Wiedereröffnung und Neubelebung der Anatomischen Sammlung Aus der Vitrine auf den Tablet-PC

Münster -

Eine Eröffnungsfeier besonderer Art erlebte jetzt die Anatomische Sammlung der Universität Münster: Im alten Institutsgebäude im Dachgeschoss untergebracht und im Zuge der Bauarbeiten für das neue PAN-Zentrum notgedrungen eingelagert, rückt die wertvolle Sammlung wieder ins Blickfeld der Studierenden – und zwar real wie auch virtuell.

Schattendasein beendet: Bei der Wiedereröffnung der Anatomischen Sammlung testeten neben (v.r.) Prosektur-Leiter Prof. Wolfgang Knabe auch Dekan Mathias Herrmann, Stiftungsgründer Prof. Rolf Dierichs, Studiendekan Dr. Bernhard Marschall, Institutsdirektor Prof. Markus Missler und Dr. Stefan Washausen die Visualisierung von Präparaten auf Tablets.
Schattendasein beendet: Bei der Wiedereröffnung der Anatomischen Sammlung testeten neben (v.r.) Prosektur-Leiter Prof. Wolfgang Knabe auch Dekan Mathias Herrmann, Stiftungsgründer Prof. Rolf Dierichs, Studiendekan Dr. Bernhard Marschall, Institutsdirektor Prof. Markus Missler und Dr. Stefan Washausen die Visualisierung von Präparaten auf Tablets. Foto: WWU

Mit einer kleinen Feier nahmen die Anatomen ihr Schmuckstück wieder „in Betrieb“ – geholfen haben dabei auch private Fördermittel, heißt es in einer Pressemitteilung.

Unterstützung des Eigenstudiums der Studierenden

„In den neuen Räumlichkeiten liegt das Herzstück der Sammlung vis-à-vis des hoch­modernen Prä­pa­­rier­saals. Somit konnte der lang gehegte Wunsch, das Eigenstudium unserer Stu­die­renden durch eine zeit­­gemäße Präsentation qua­li­tativ hochwer­tiger Sammlungsprä­pa­rate zu unter­stüt­zen, endlich in die Tat um­­­­ge­setzt werden“, freut sich Prof. Wolfgang Knabe , Leiter der Prosektur Anatomie der Medizinischen Fakultät.

Er hatte die Sammlung direkt nach seiner Ernennung 2011 unter seine Fittiche genommen, auch mit dem erklärten Ziel, sie didaktisch und konzeptionell zu modernisieren. „Das erfolgte in mehreren Schritten“, erläutert der Mediziner.

Um­fang­reiche, vom Alumni-Verein „med­Al­um“ geförderte Vorarbeiten bein­hal­te­ten die Durch­sicht, Pflege und Neugrup­pie­rung zahl­reicher Sammlungsobjekte sowie deren hoch­schul­­öf­fent­liche Präsentation im Foyer und auf den bei­den Hörsaalebenen.

Fördermittel sinnvoll investiert

Im Jahr 2015 stieg auch die Rolf-Dierichs-Stiftung in das Vorhaben ein, indem sie das Pro­jekt „Präpa­rier­kurs trifft Ana­tomi­sche Sammlung“ bewilligte. Dass die zusammen 7000 Euro Fördermittel sinnvoll investiert wurden, davon konnten sich Dekan Prof. Mathias Herrmann , Studiendekan Dr. Bernhard Marschall sowie Stiftungsgründer Prof. Rolf Dierichs selbst ein Bild machen.
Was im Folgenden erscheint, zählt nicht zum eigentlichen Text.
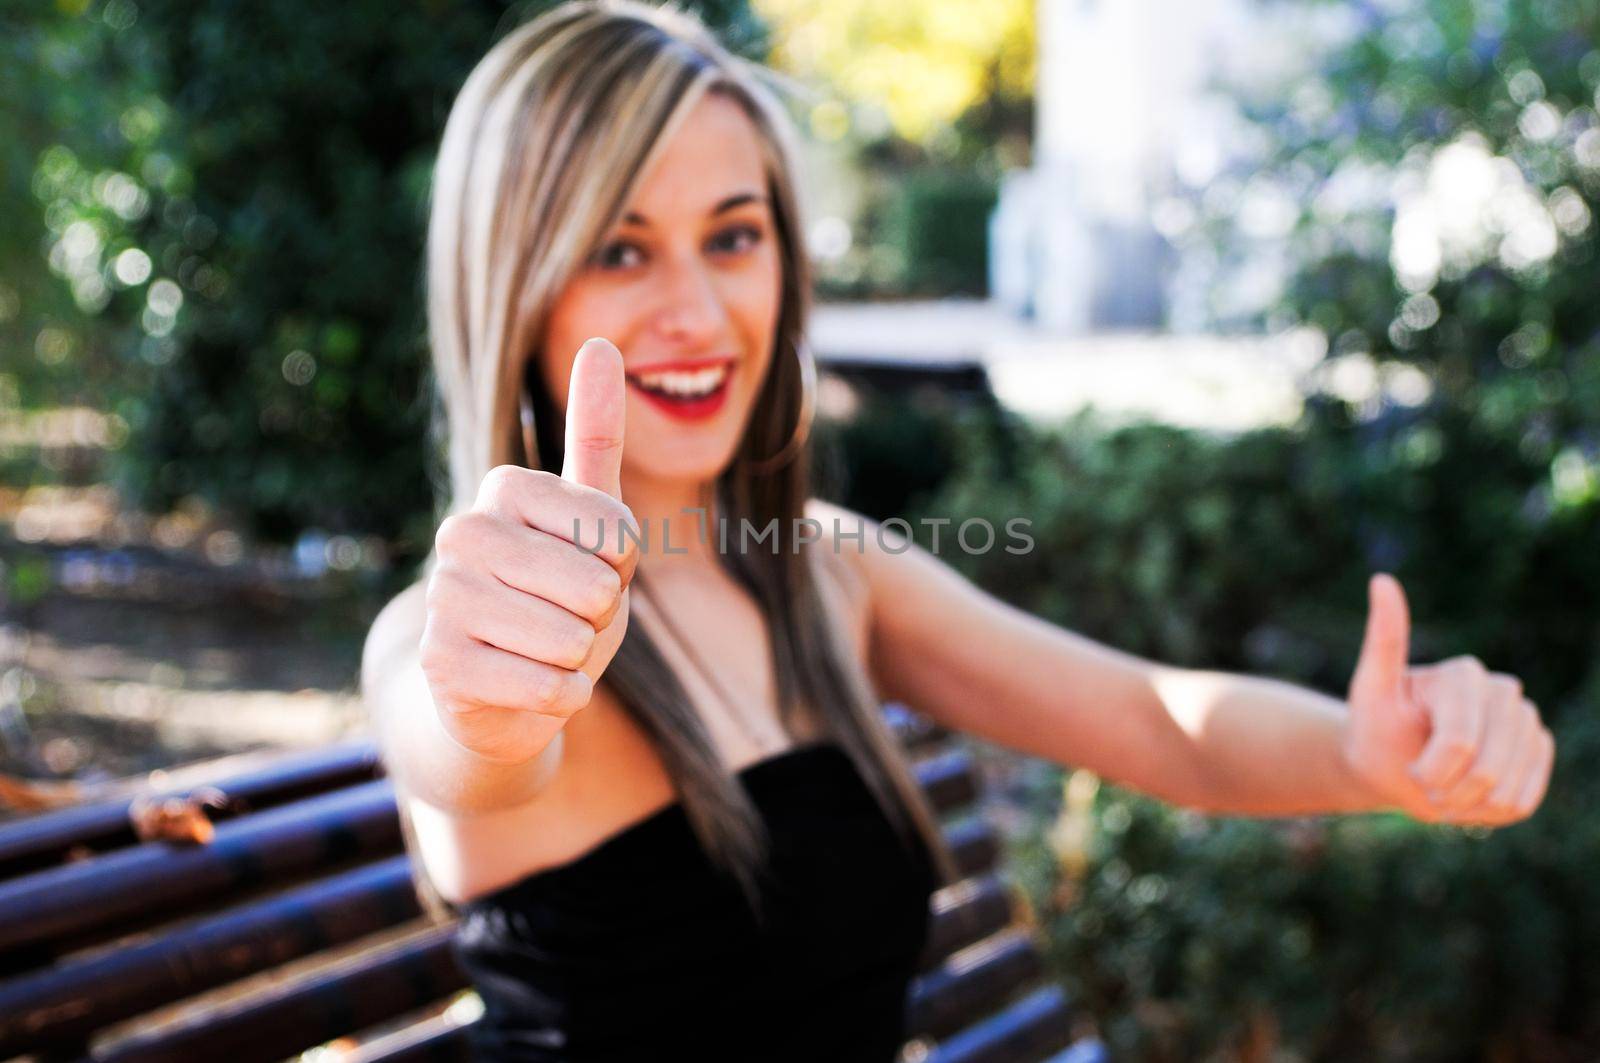 Pretty girl sitting in a bench in the park showing thumb up sign

Mit Hilfe der über das Stiftungsprojekt finanzierten Tablets kön­nen die Studieren­den gezielt diejenigen Originalpräparate aufsuchen und selbst­stän­dig ana­ly­sie­ren, die Gegenstand ihres persönlichen Lernplans sind“, so Prof. Knabe.

Primäre Ziel­­gruppe in der ersten Test­phase sind Studie­ren­de der Human- und Zahnmedizin, die den Präpa­rier­­kurs be­suchen.